• _COLLECTED MATERIAL_:
Start of Block

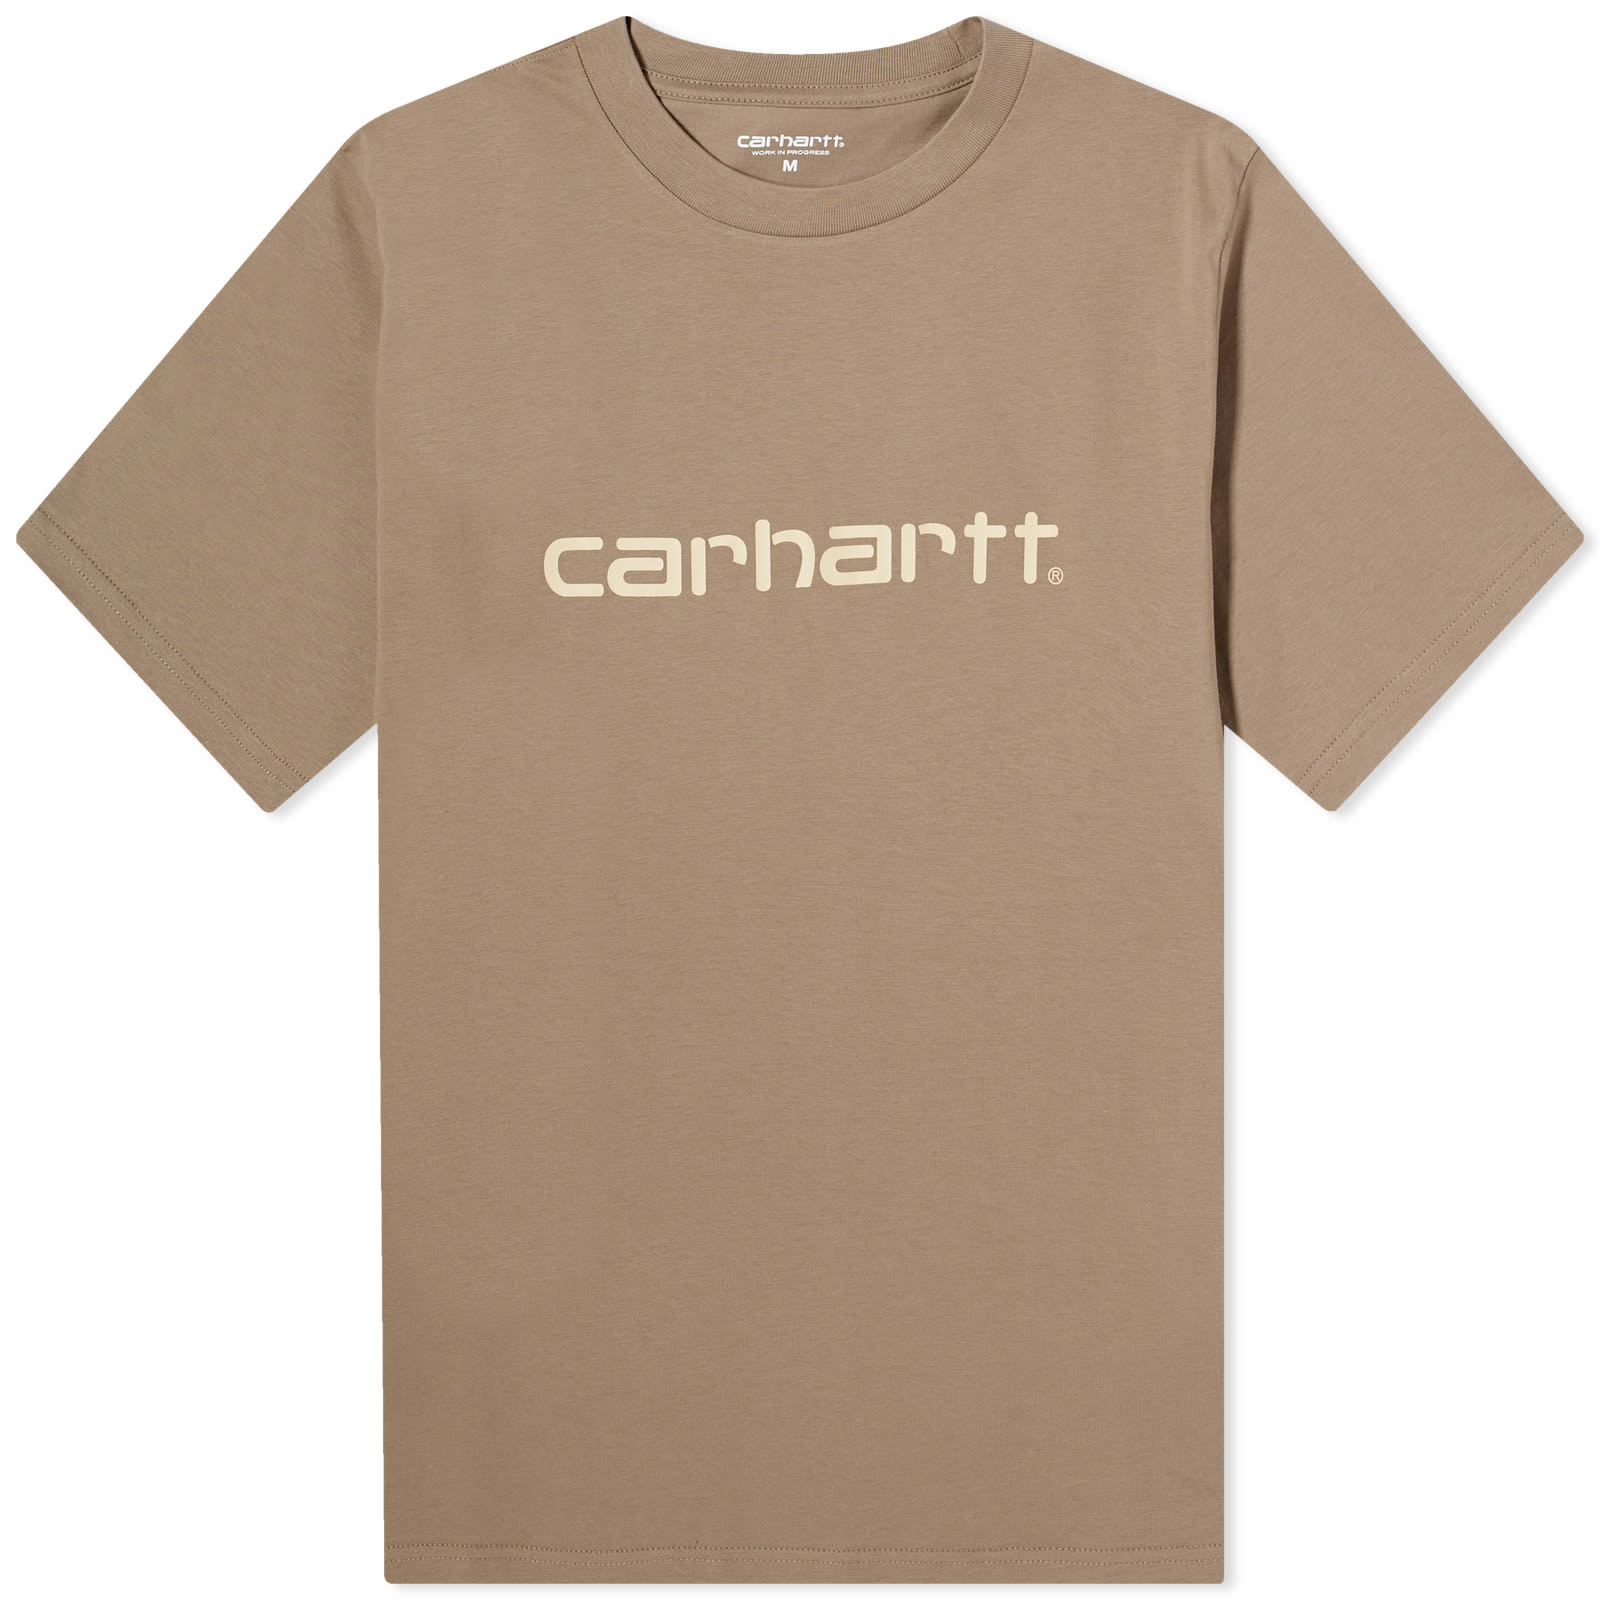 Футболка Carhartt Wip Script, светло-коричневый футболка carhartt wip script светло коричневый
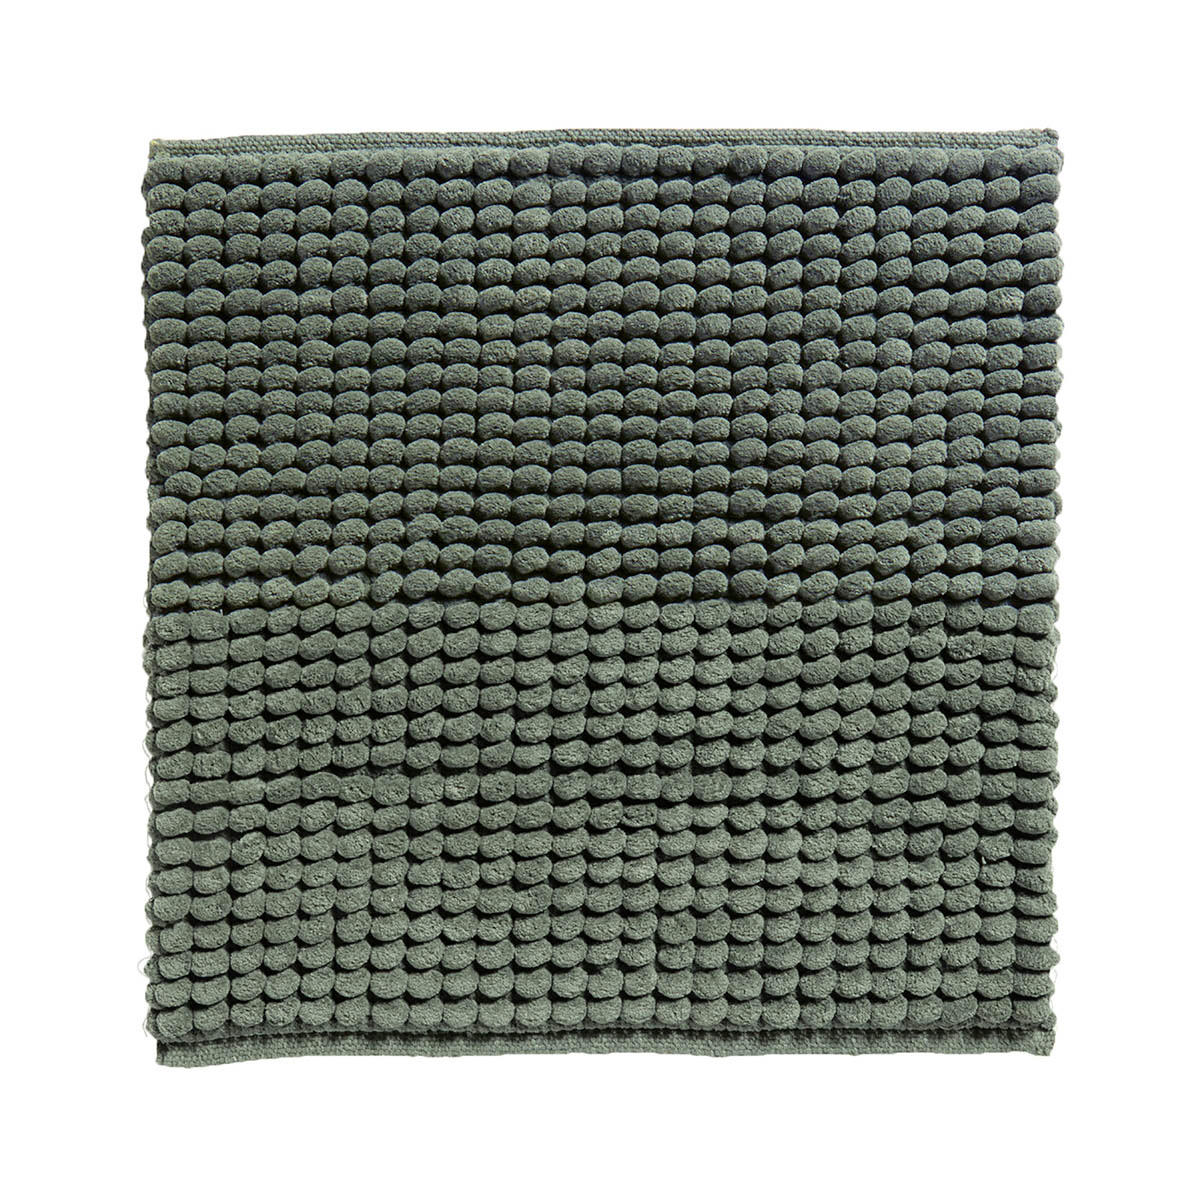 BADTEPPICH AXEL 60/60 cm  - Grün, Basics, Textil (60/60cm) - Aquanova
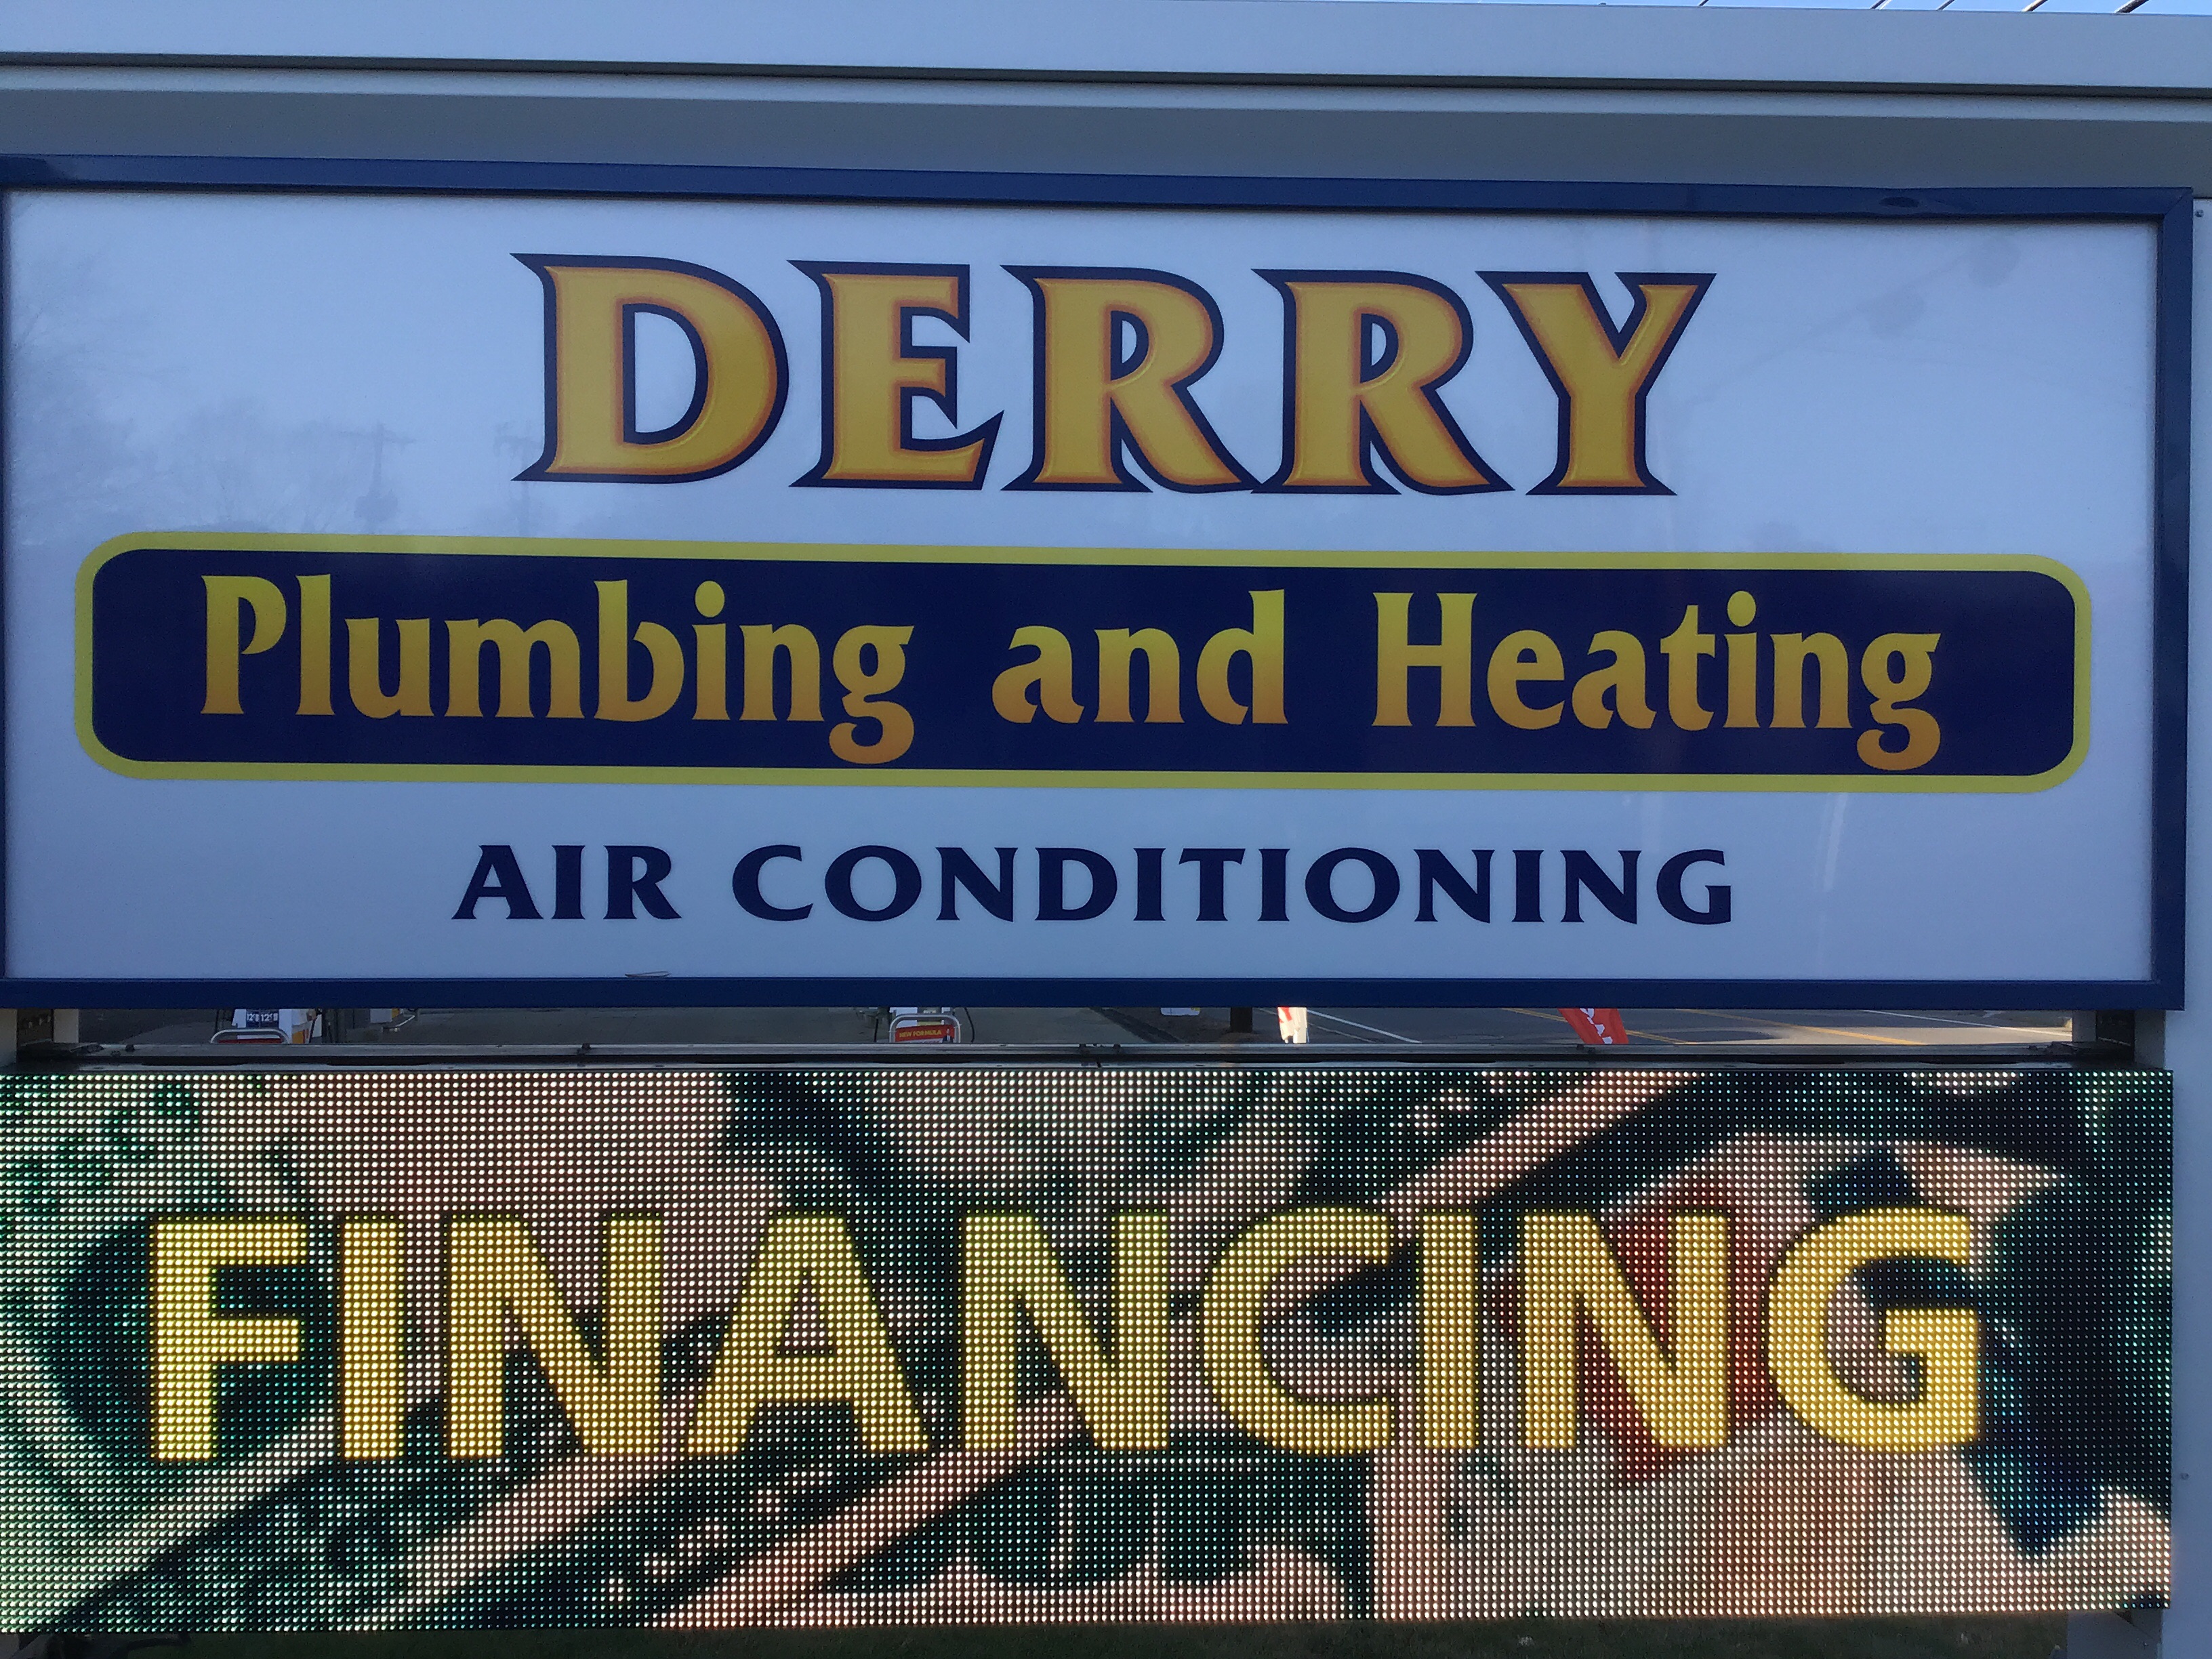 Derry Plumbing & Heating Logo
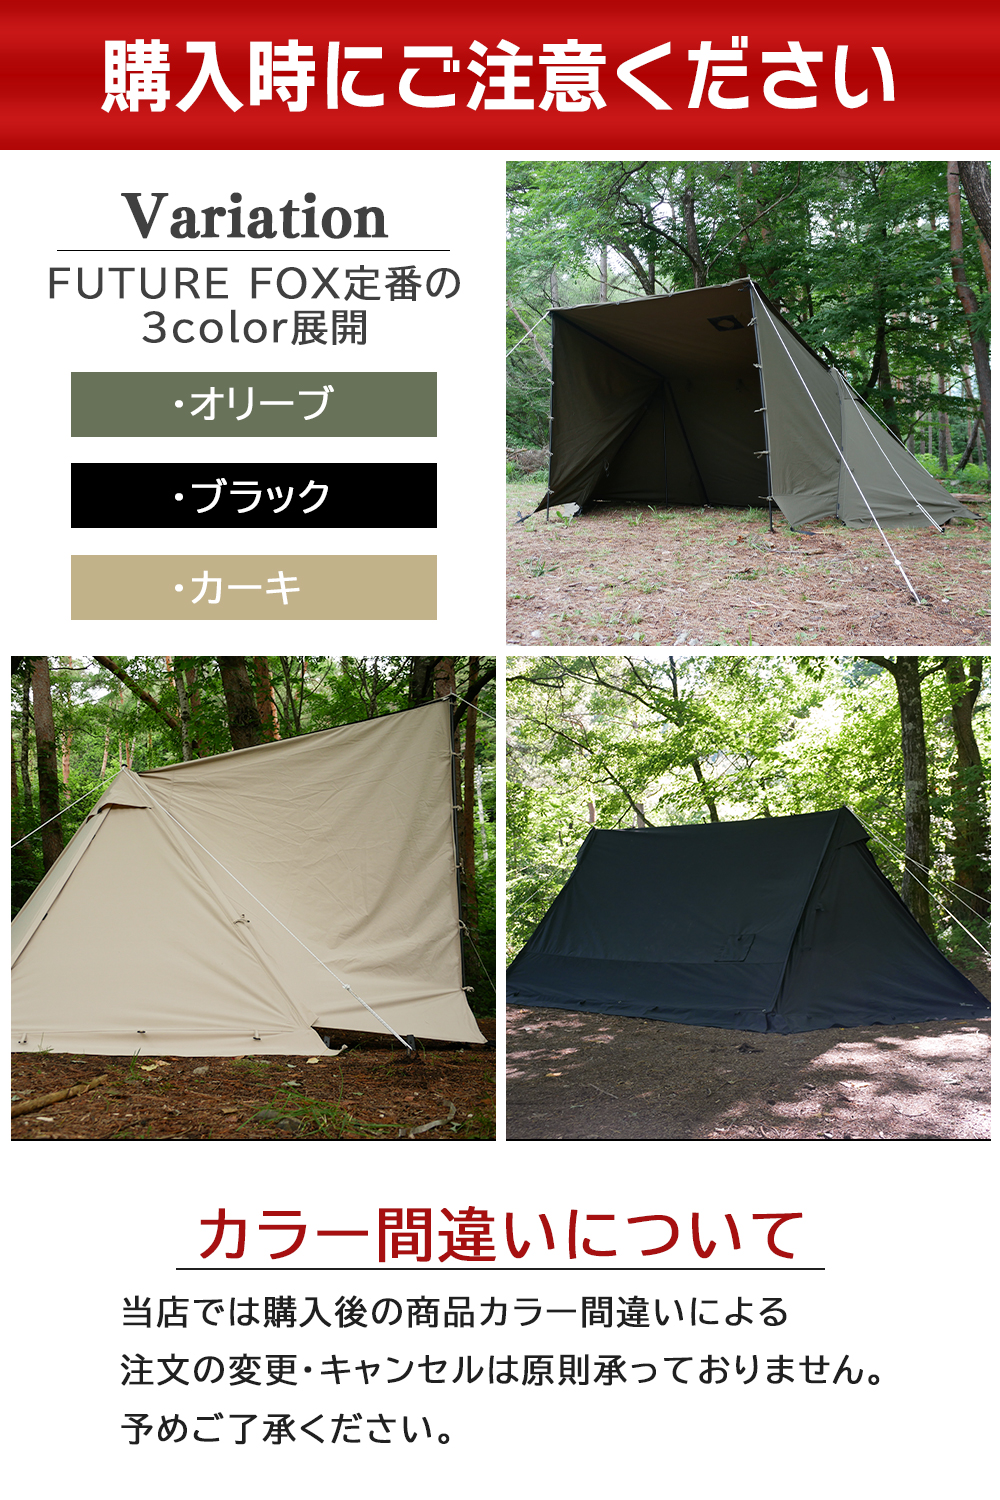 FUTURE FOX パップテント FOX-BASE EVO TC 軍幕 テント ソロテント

End of Block

• _REQUIRED WORK_: Retype the data word for word, please, and keep the images out.

• _ANSWER BOX_:
 Футболка Carhartt Wip Script, светло-коричневый футболка carhartt wip script светло коричневый
 BADTEPPICH AXEL 60/60 cm  - Grün, Basics, Textil (60/60cm) - Aquanova
 Derry Plumbing & Heating Logo
 FUTURE FOX パップテント FOX-BASE EVO TC 軍幕 テント ソロテント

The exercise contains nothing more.